Question

If the third and the ninth terms of AP are 4 and -8 respectively, which term of this AP is zero?

Answer 1

Hint: The nth term of an arithmetic progression is given as ${{T}_{n}}=a+\left( n-1 \right)d$ where ‘a’ and ‘d’ are the first time and common difference of the A.P. and ${{T}_{n}}$ is denoting the nth term. Form the equations using the given conditions and solve it further to get the answer.

Complete step-by-step answer:
As we know that general term of an A.P. is given as ${{T}_{n}}=a+\left( n-1 \right)d$where a, d are denoting the first term of the A.P. and common difference respectively and ${{T}_{n}}$is denoting the nth term.
So, now coming to the question, we have the 3rd and 9th terms of the A.P. as 4 and -8 respectively.
Hence, we can form two equations with the help of the relation of the nth term of any A.P.
Let common difference and first term be d and a respectively of A.P. , hence
${{T}_{n}}=a+\left( n-1 \right)d$………….. (i)
So, 3rd term can be written as
${{T}_{3}}=a+\left( 3-1 \right)d=a+2d$
As we know ${{T}_{3}}=4$, hence, we get
${{T}_{3}}=a+2d=4$……….. (ii)
Similarly, 9th term can be written with the help of equation (i) as
${{T}_{g}}=a+\left( 9-1 \right)d=a+8d$
As we know ${{T}_{9}}=-8$, hence, we get
a + 8d = -8 ………... (iii)
Now, subtract equation (ii) and (iii) to get values of a and d. hence, we get
(a + 2d) – (a + 8d) = 4 – (-8)
a + 2d – a – 8d = 4 + 8
a – a + 2d – 8d = 12
-6d = 12
d = -2 ……………. (iv)
Now, put the value of ‘d’ from equation (iv) in equation (iii) to get the value of ‘a’. Hence, we get
a + 8 (-2) = -8
a – 16 = -8
a = 16 – 8 = 8
a = 8 ………….. (v)
Hence, the given A.P. in the question will have first term as 8 and common difference as ‘-2’.
Now, we need to determine which term will be zero of the A.P.
Let ${{t}^{th}}$ term of the given A.P. will be O.
Hence, we can write the ${{t}^{th}}$ term from the equation (i) as
${{T}_{t}}=a+\left( t-1 \right)d$
Where a = 8 from equation (v), d = -2 from equation (iv) and ${{T}_{t}}=0$
So, we get
0 = 8 + (t – 1) (-2)
-8 = (t -1) (-2)
 (t -1) = 4
t = 5
Hence, the 5th term of the A.P. will be 0.

Note: One can solve the equations a + 2d = 4 and a + 8d = -8 by substitution as well.

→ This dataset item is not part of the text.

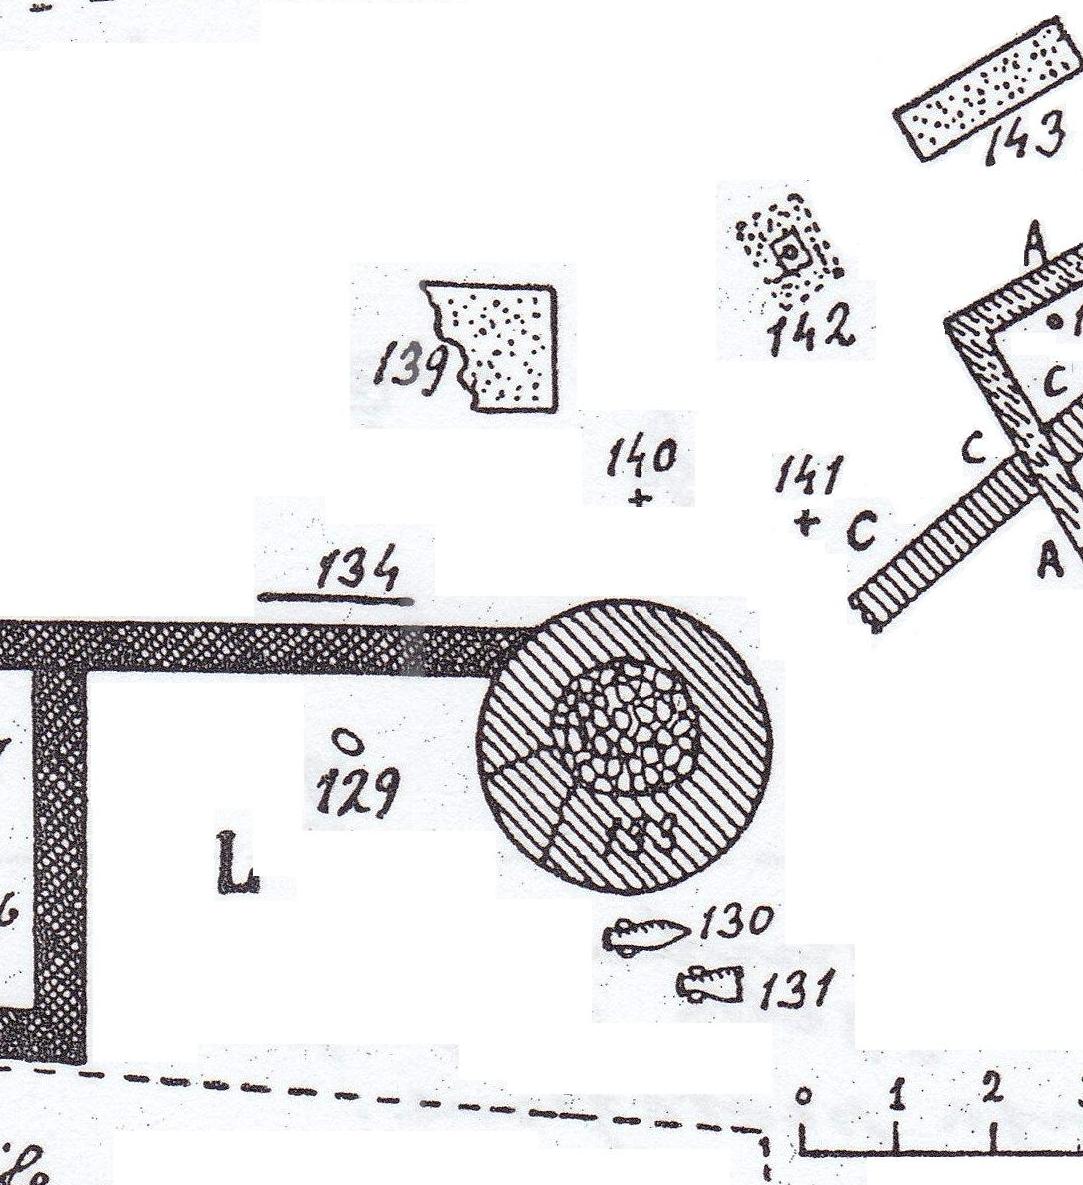 Necropoli di Albintimilium, recinto L, tomba 131 (tomba a enchytrismos, area ad uso funerario) - Ventimiglia (IM)  (fine/ inizio Età romana imperiale)

We can take the value of ‘a’ from one equation and put it in the second equation.
One can go wrong with the nth term of the A.P. as well. One may write the 3rd and 9th terms as (a + 3d) and (a + 9d) in case of very fast calculations, which are wrong. So, always go by basics and be clear with the terms of ${{T}_{n}}=a+\left( n-1 \right)d$ to get the correct equations.